The study also explored the relationship between parity and lipid profile changes. A weak positive correlation was observed between the number of pregnancies (parity) and levels of total cholesterol, triglycerides, and LDL, while no significant correlation was found with HDL levels. This finding suggests that repeated pregnancies may have a cumulative effect on lipid metabolism, potentially increasing the risk of cardiovascular disease in multiparous women. Previous research has indicated similar trends, with multiparous women exhibiting slightly altered lipid profiles compared to primiparous women.
The clinical implications of these findings are multifaceted. Monitoring lipid levels in pregnant women, especially those with multiple pregnancies or pre-existing lipid abnormalities, is crucial for early identification and management of potential complications. Dietary and lifestyle interventions may help mitigate the risks associated with hyperlipidemia during pregnancy. Further research is warranted to elucidate the underlying mechanisms of pregnancy-induced lipid changes and to develop targeted strategies for managing hyperlipidemia in pregnant women.
CONCLUSION
In conclusion, this study highlights significant changes in serum lipid profiles during the second and third trimesters of pregnancy in healthy Sudanese women. The findings underscore the impact of hormonal and physiological changes on lipid metabolism, with notable increases in total cholesterol, triglycerides, LDL, and HDL levels as pregnancy progresses.
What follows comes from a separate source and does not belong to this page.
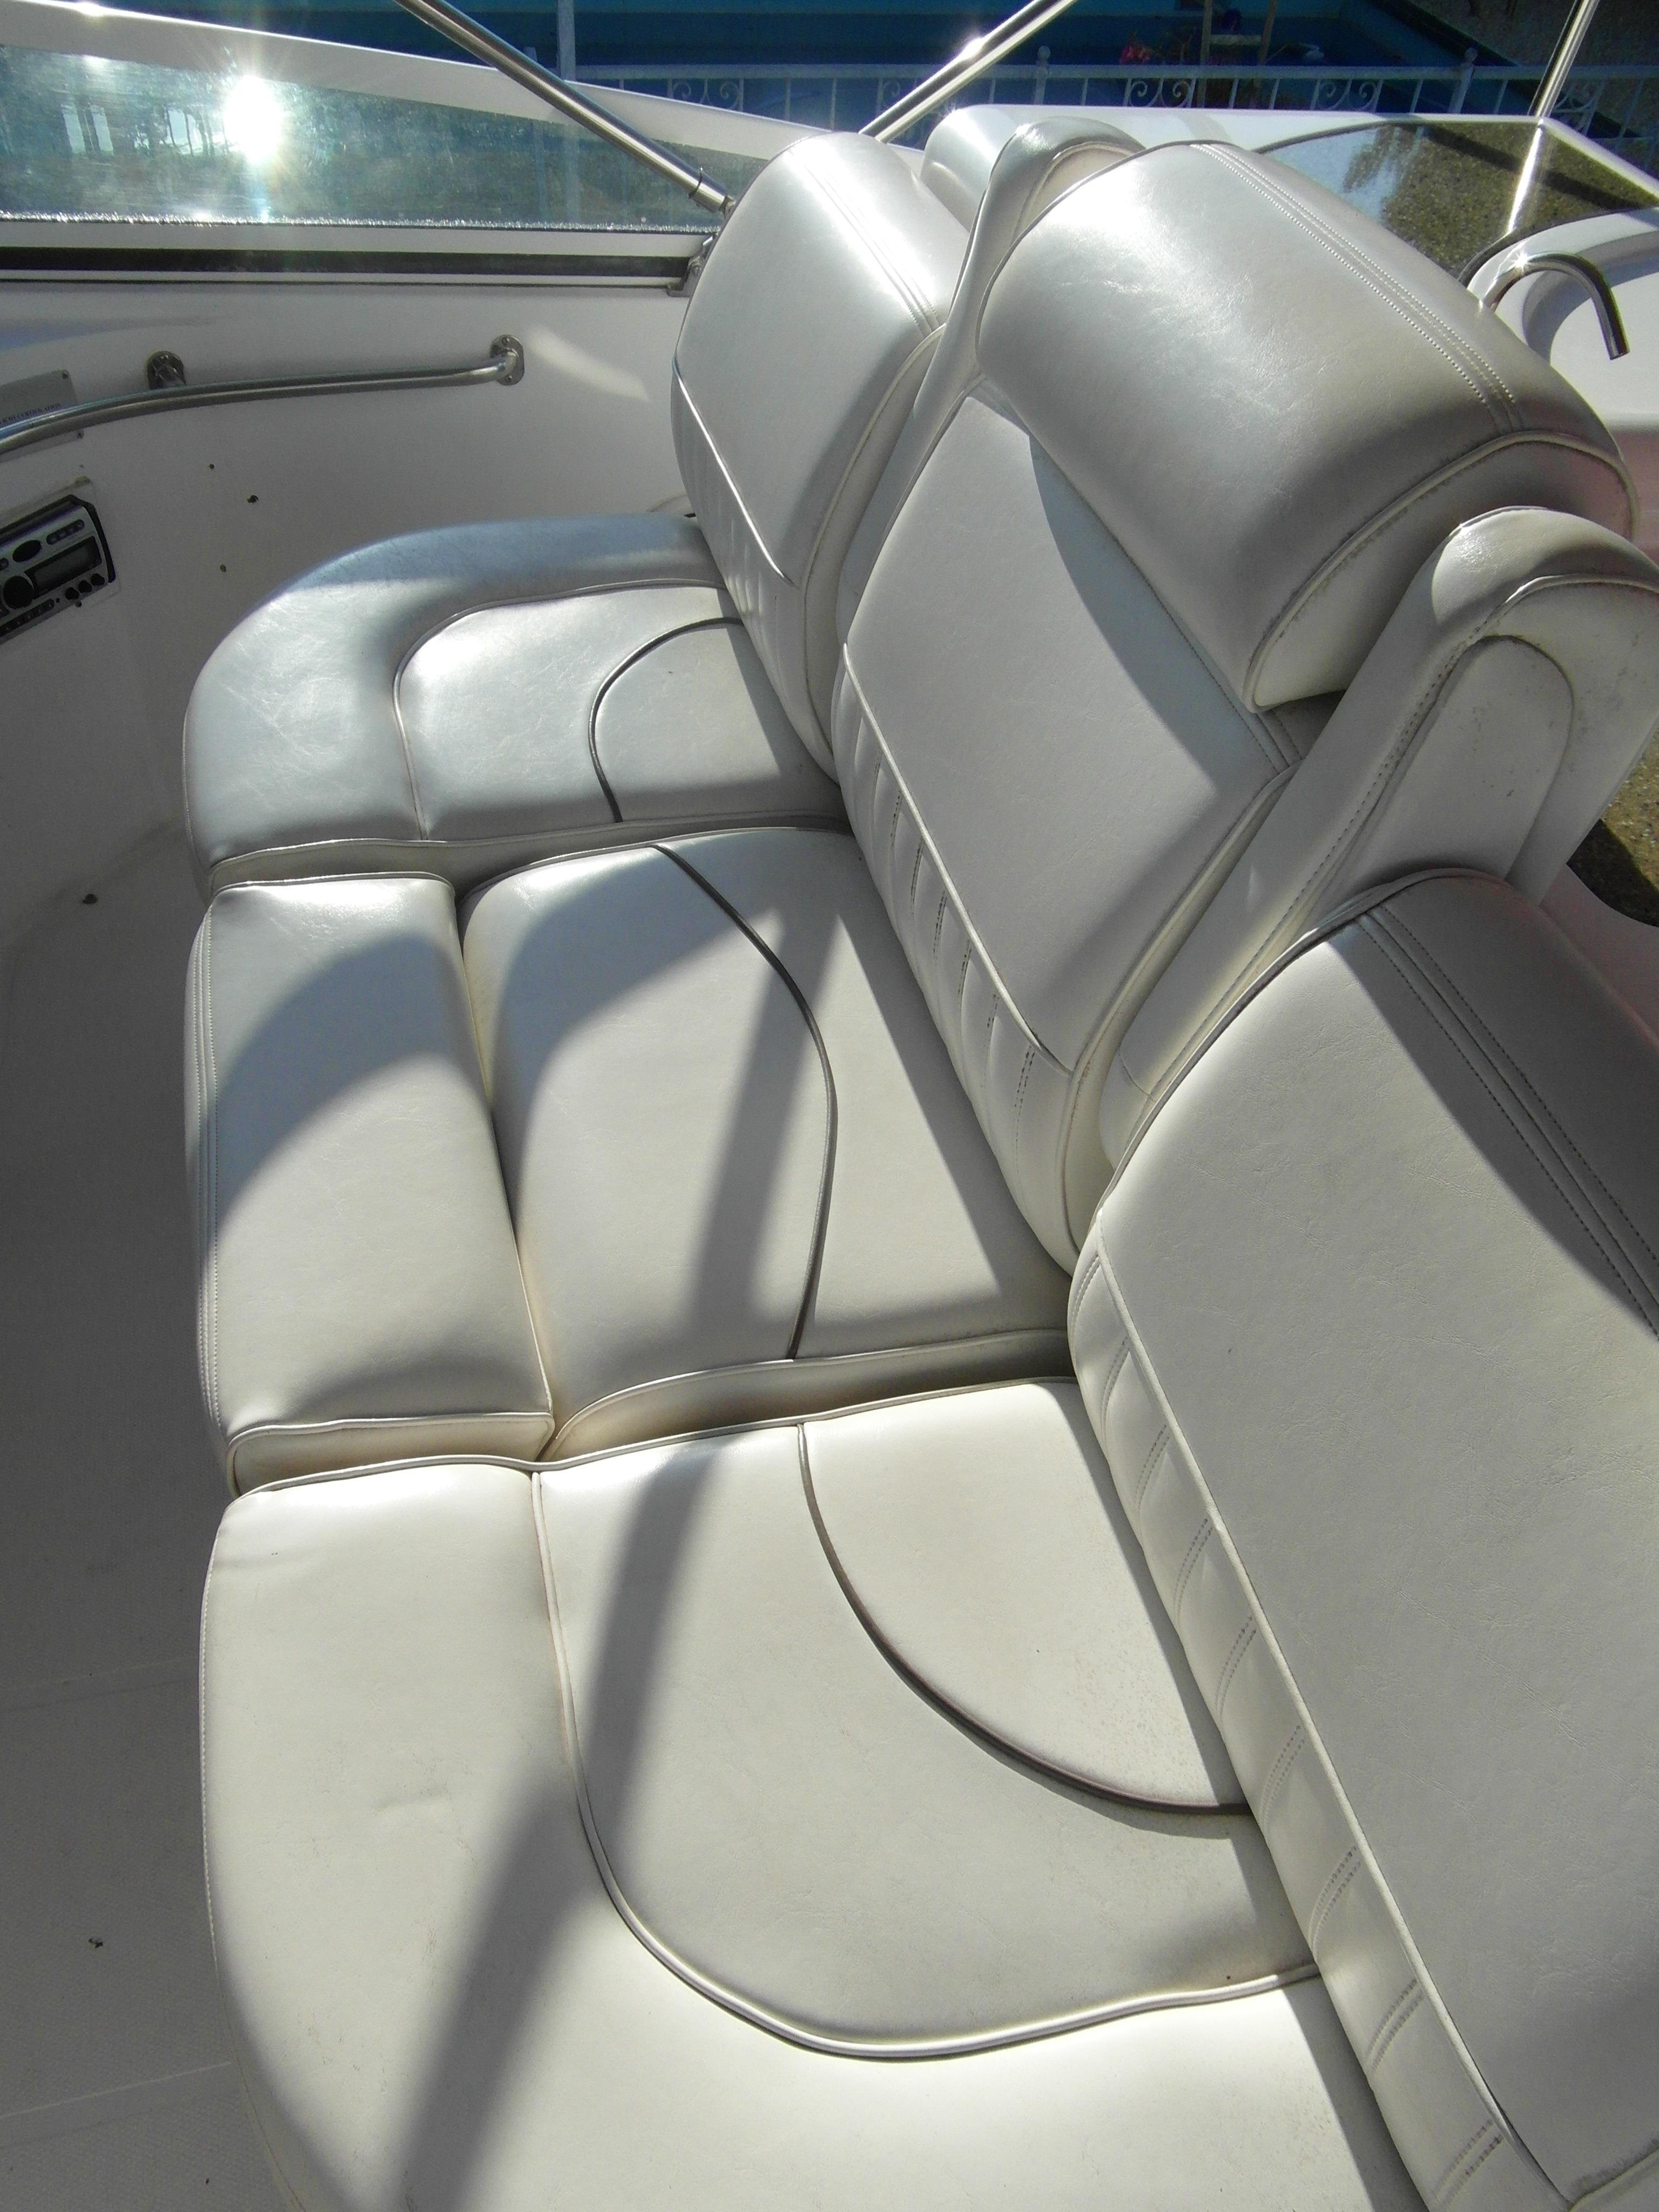 2001 Cruisers 50 Helm Seating
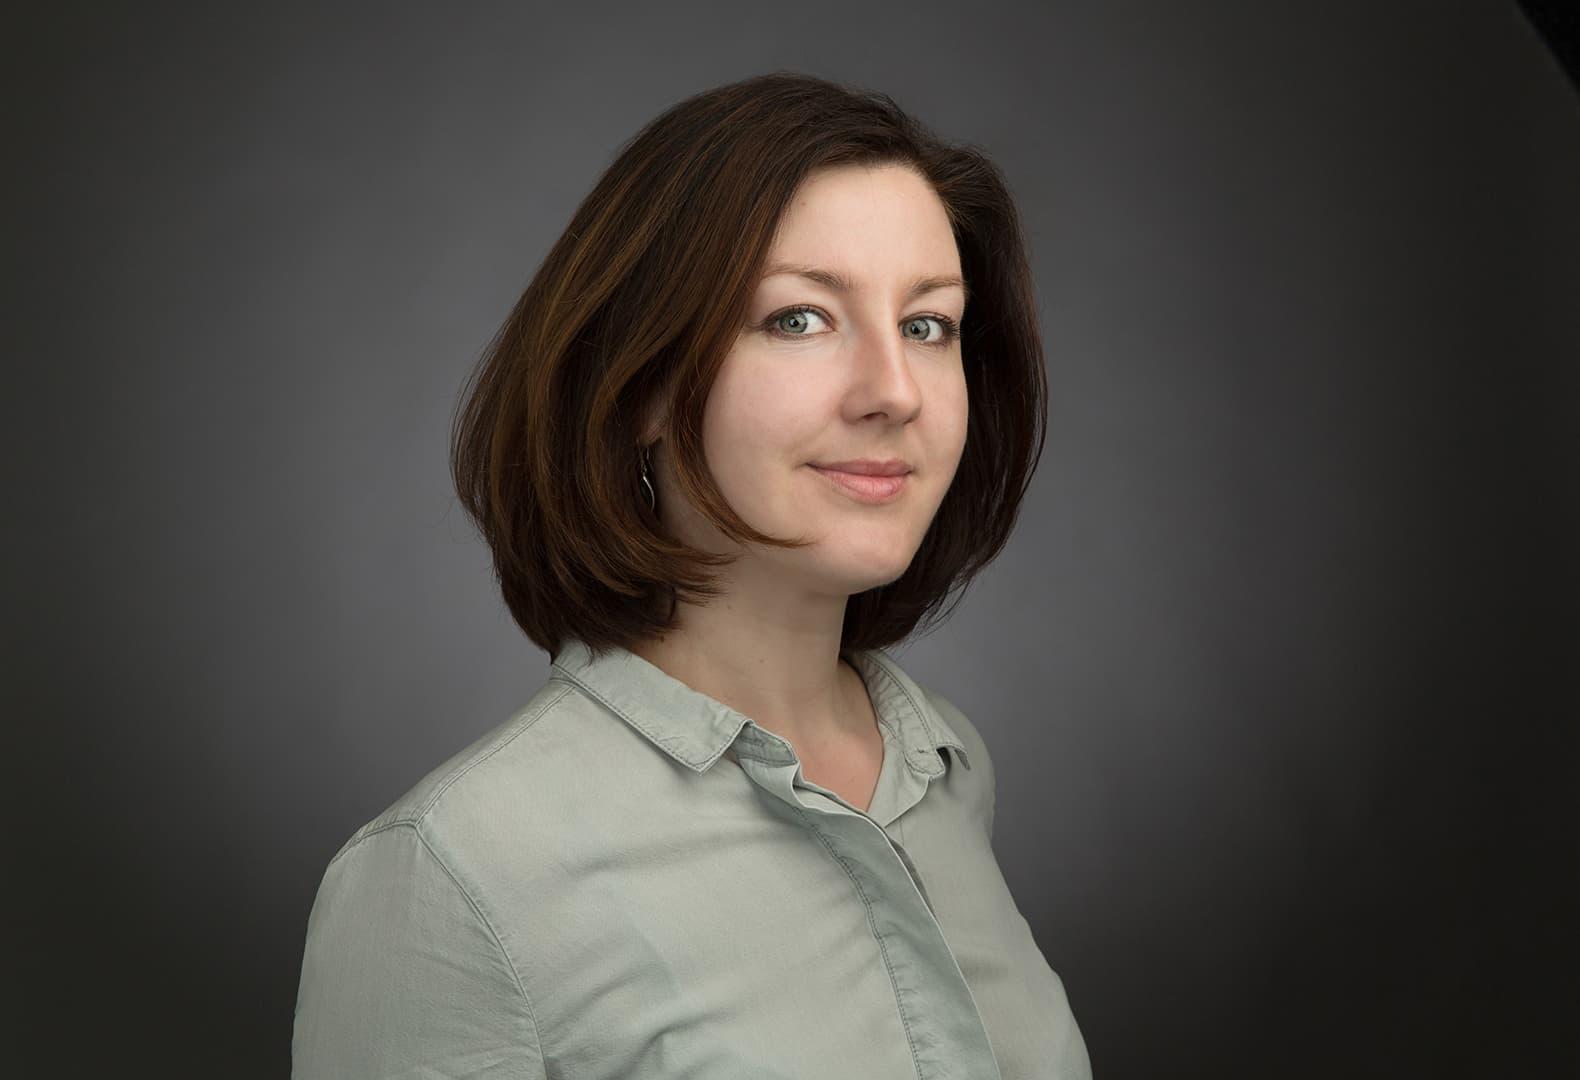 Наталья Маркевич. Фото предоставлено пресс-службой МАРШ

Understanding these alterations is essential for managing the potential risks associated with hyperlipidemia during pregnancy and ensuring maternal and fetal health. Future studies should focus on the long-term cardiovascular implications of pregnancy-induced hyperlipidemia and explore effective interventions for lipid management in pregnant women.
FUTURE DIRECTIONS
Future research should focus on a more comprehensive analysis of the underlying mechanisms that contribute to the changes in lipid profiles during pregnancy. Longitudinal studies could provide deeper insights into how these lipid alterations impact both maternal and fetal outcomes in the long term. Additionally, exploring the role of different dietary and lifestyle interventions in managing hyperlipidemia during pregnancy could offer valuable guidelines for clinical practice. Further research could also investigate the genetic factors that may predispose certain women to more significant lipid changes during pregnancy and assess the potential long-term cardiovascular risks associated with these alterations.
Acknowledgments
The authors would like to express their gratitude to the participants who volunteered for this study, as well as the staff at Umbada Hospital for their assistance in data collection and clinical assessments. Special thanks to the Research Ethical Committee of the Ministry of Health, Sudan, for their guidance and approval. The authors also appreciate the technical support provided by the Basic Science Department, Prince Sattam Bin Abdulaziz University.
Conflict of Interest
The authors declare no conflict of interest in the conduct and publication of this study. All findings and conclusions are based solely on the data collected and analyzed during the research.